I have a binary text classification problem where texts of class 0 account for ~95% of cases and class 1 for ~5%. I put some effort until having a decently sized, balanced manually labeled subset (7k) of my overall data set (700k). I train a SVM classifier on 1-p% of the labeled data and test it on p% of the labeled data (no overlaps between train and test). The classifier performs well but the test scenario is not realistic. To test how the classifier performs on realistic data (i.e. when applying it on unlabeled texts), I construct a more realistic test set by removing class 1 (minority class) texts to have a realistic 5/95 balance in the test set. The model performs alright (and way better compared to having imbalanced training as well). However
My first question: Is there a possibility with sklearn to apply cross-validation / hyperparameter tuning for my scenario? I am aware of Stratified K-Fold Cross-Validation but, as far as I understood, this applies for imbalance in training and test sets and not for balanced training but imbalanced test sets?

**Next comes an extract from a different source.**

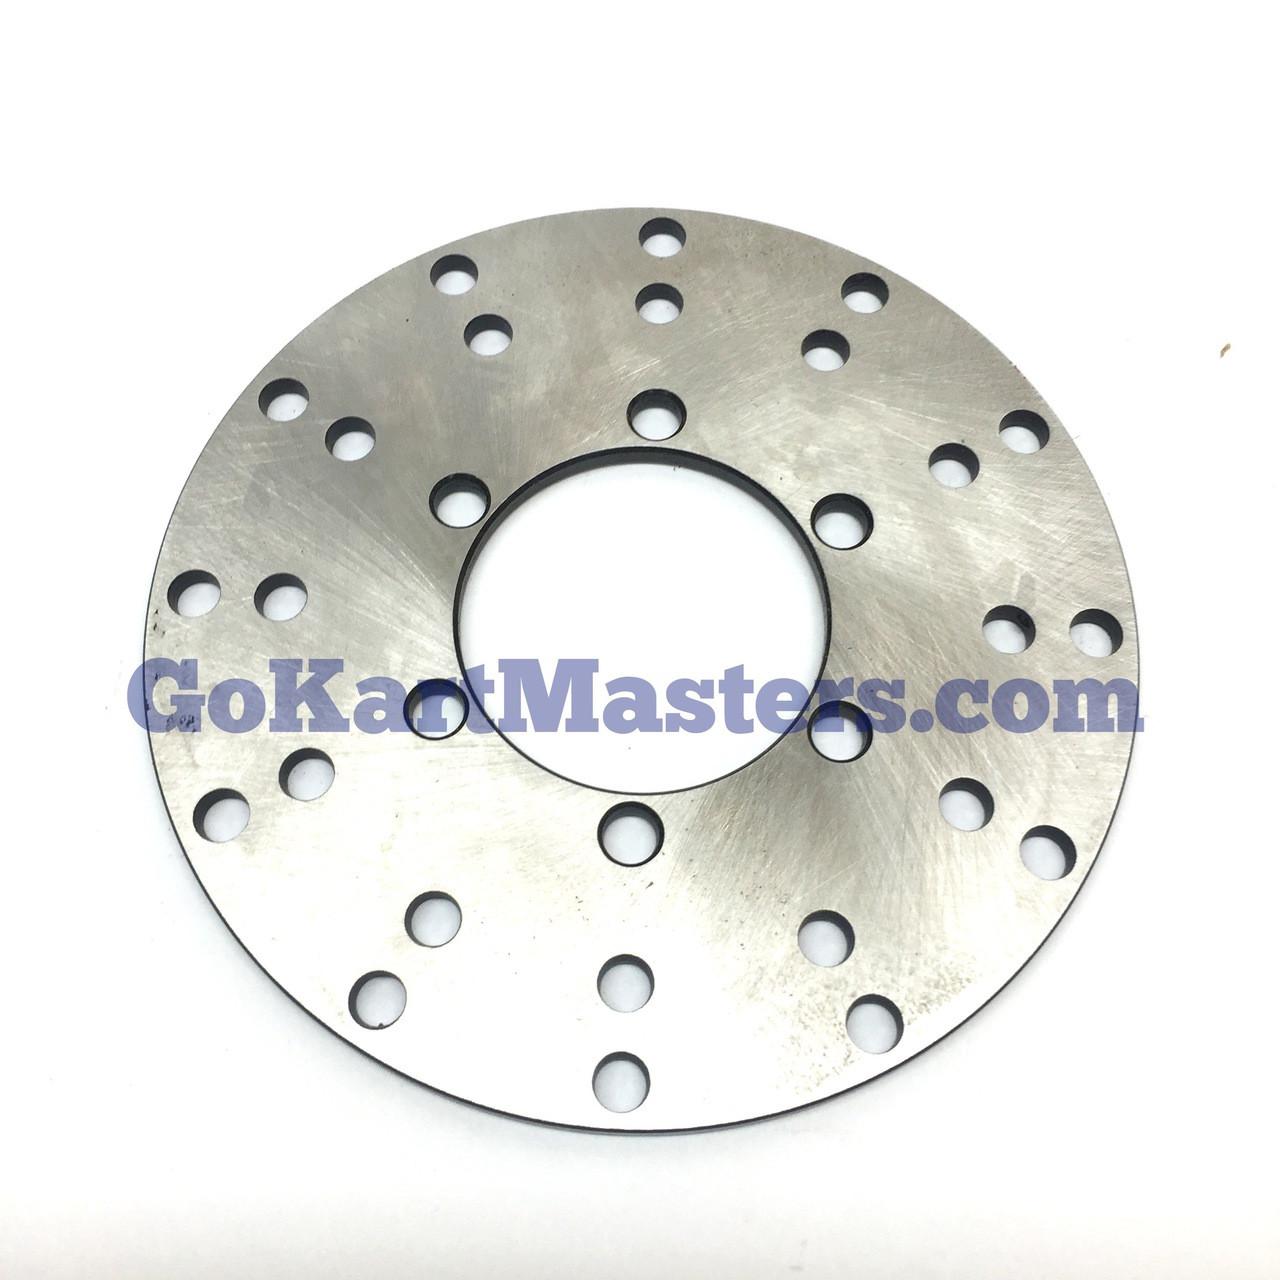 TrailMaster 150 XRS & 150 XRX Front Brake Disc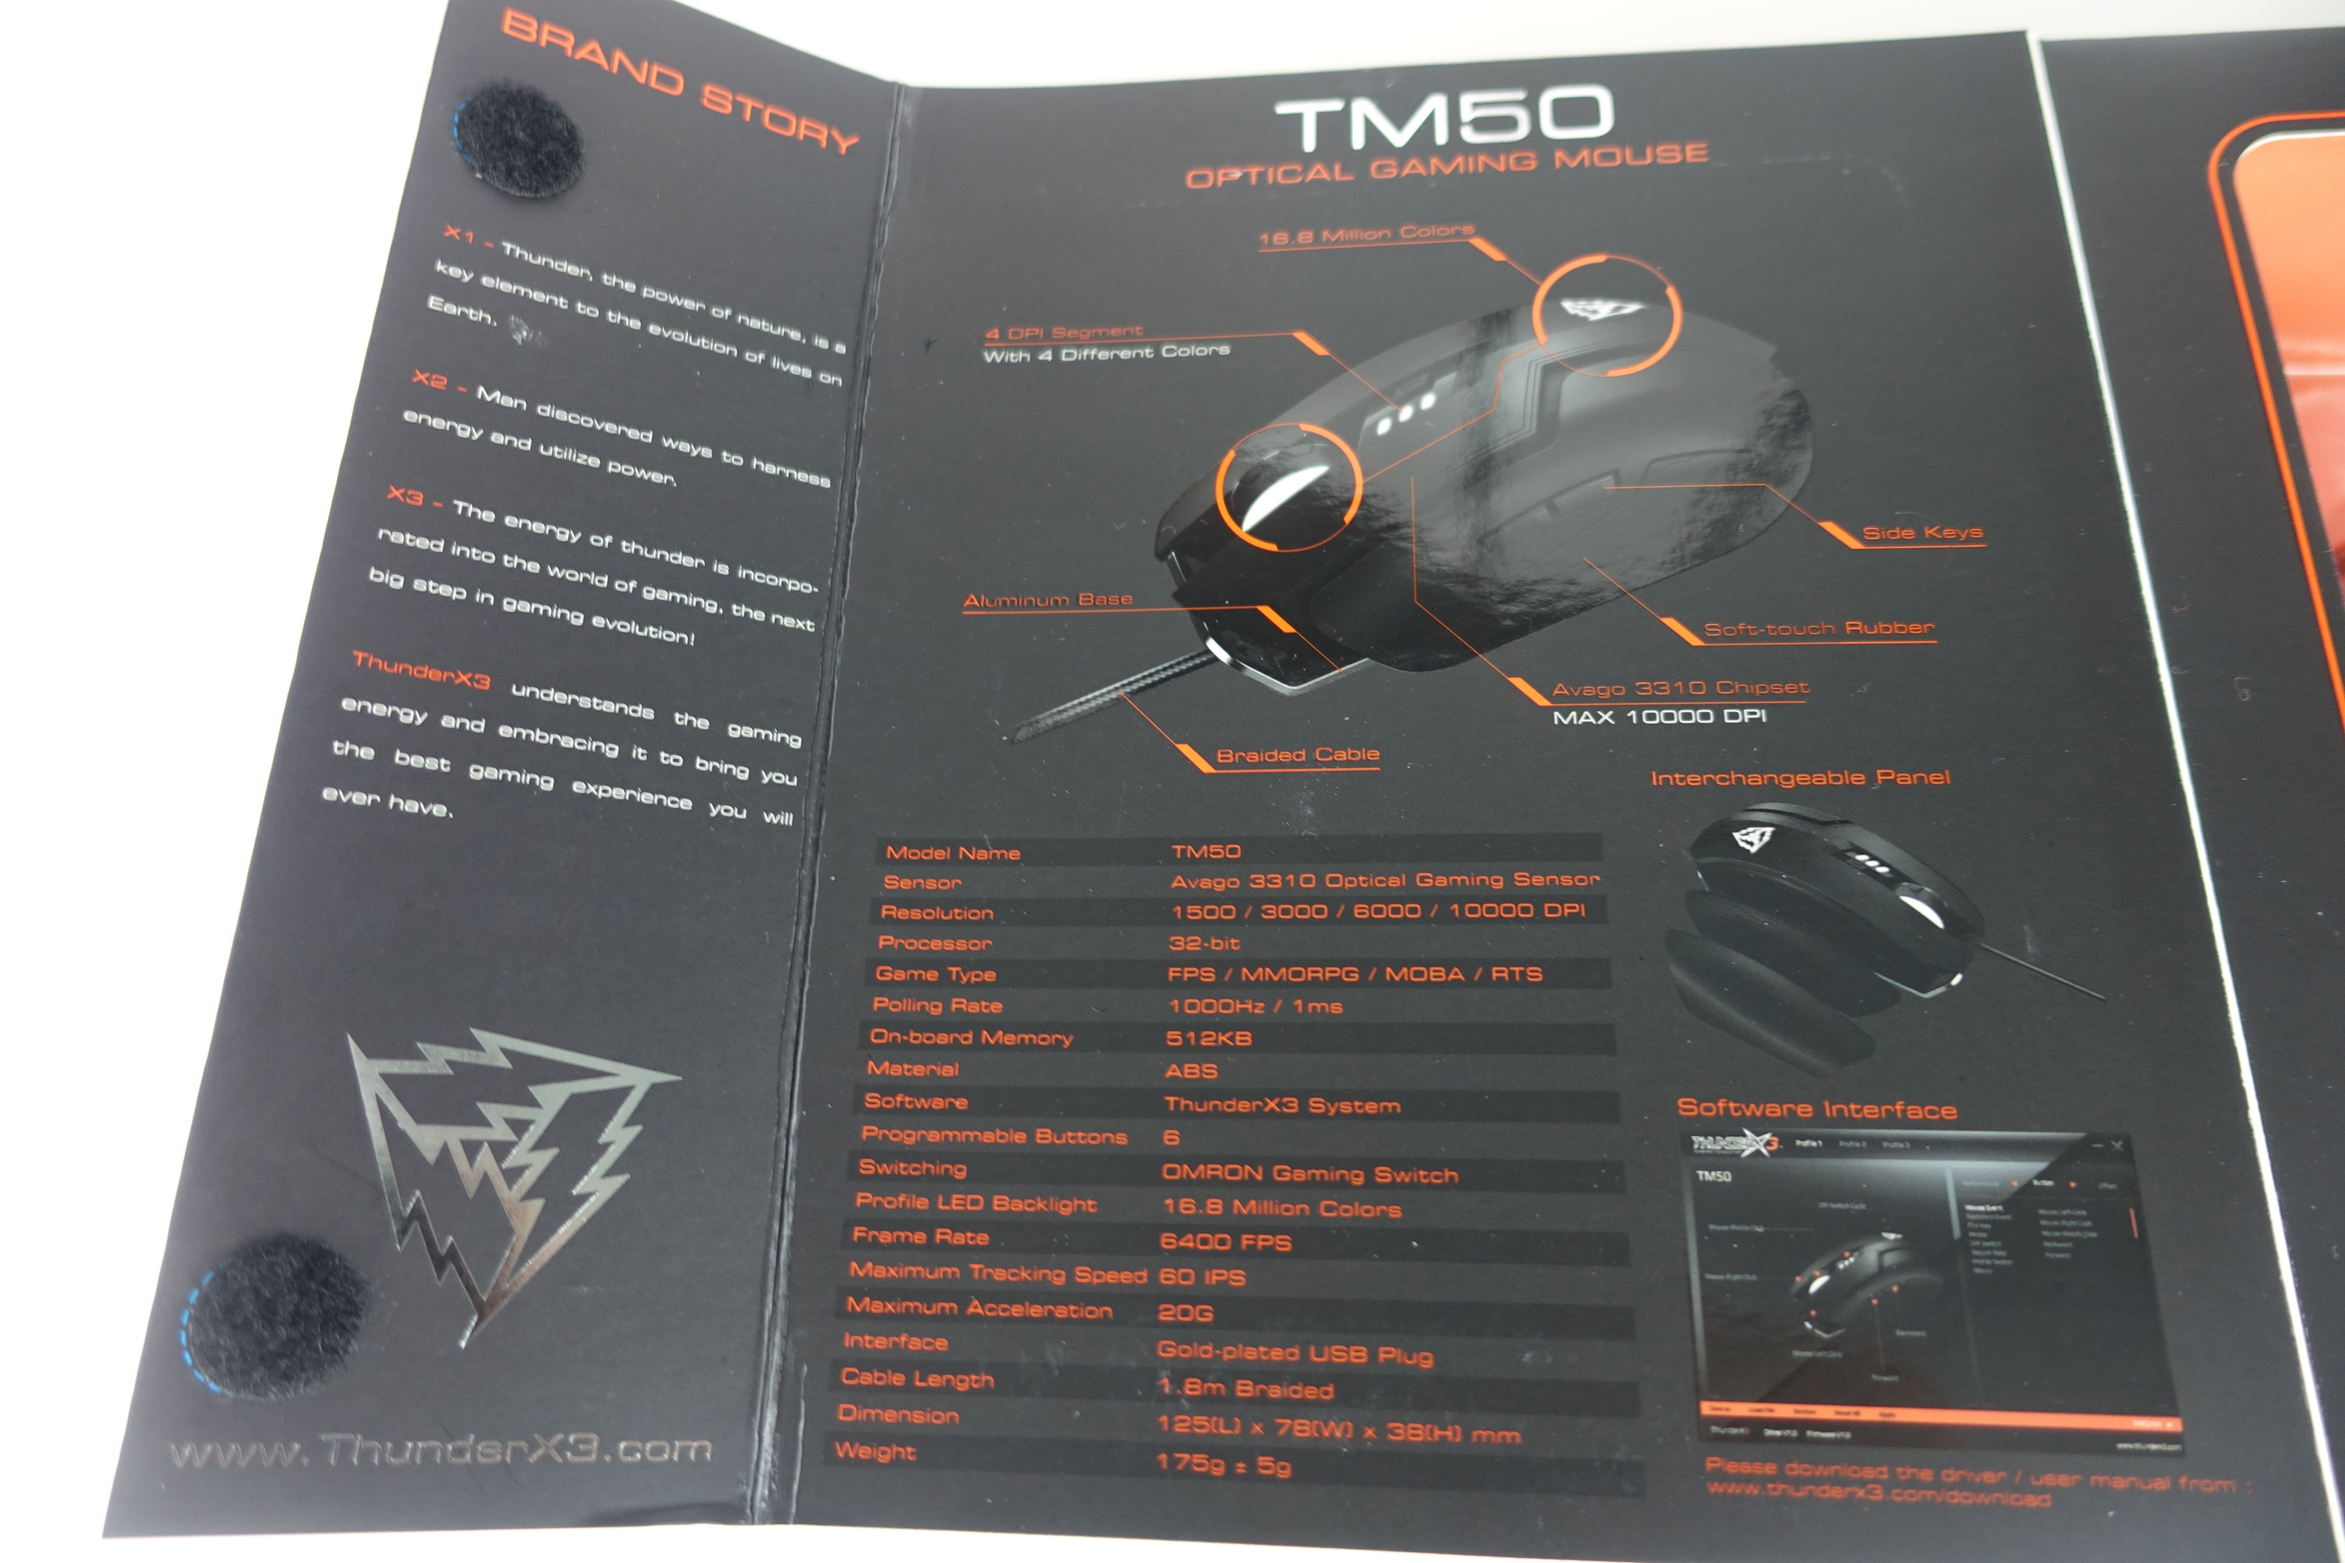 TM50-6

My second question: Currently, my model performs well on recall but not so well for precision. Assuming this would be a robust finding, is there a way to adjust for it? Specifically, is it valid to move the classification threshold to improve F1? (False positives and false negatives are equaly costly).
The picture shows how F1 increases when moving the threshold. Moving it to 0.6 seems to yield better results for F1. (Values are average of 10 runs, randomizing which labeled texts are balanced train/imbalanced test).
Appreciate your help!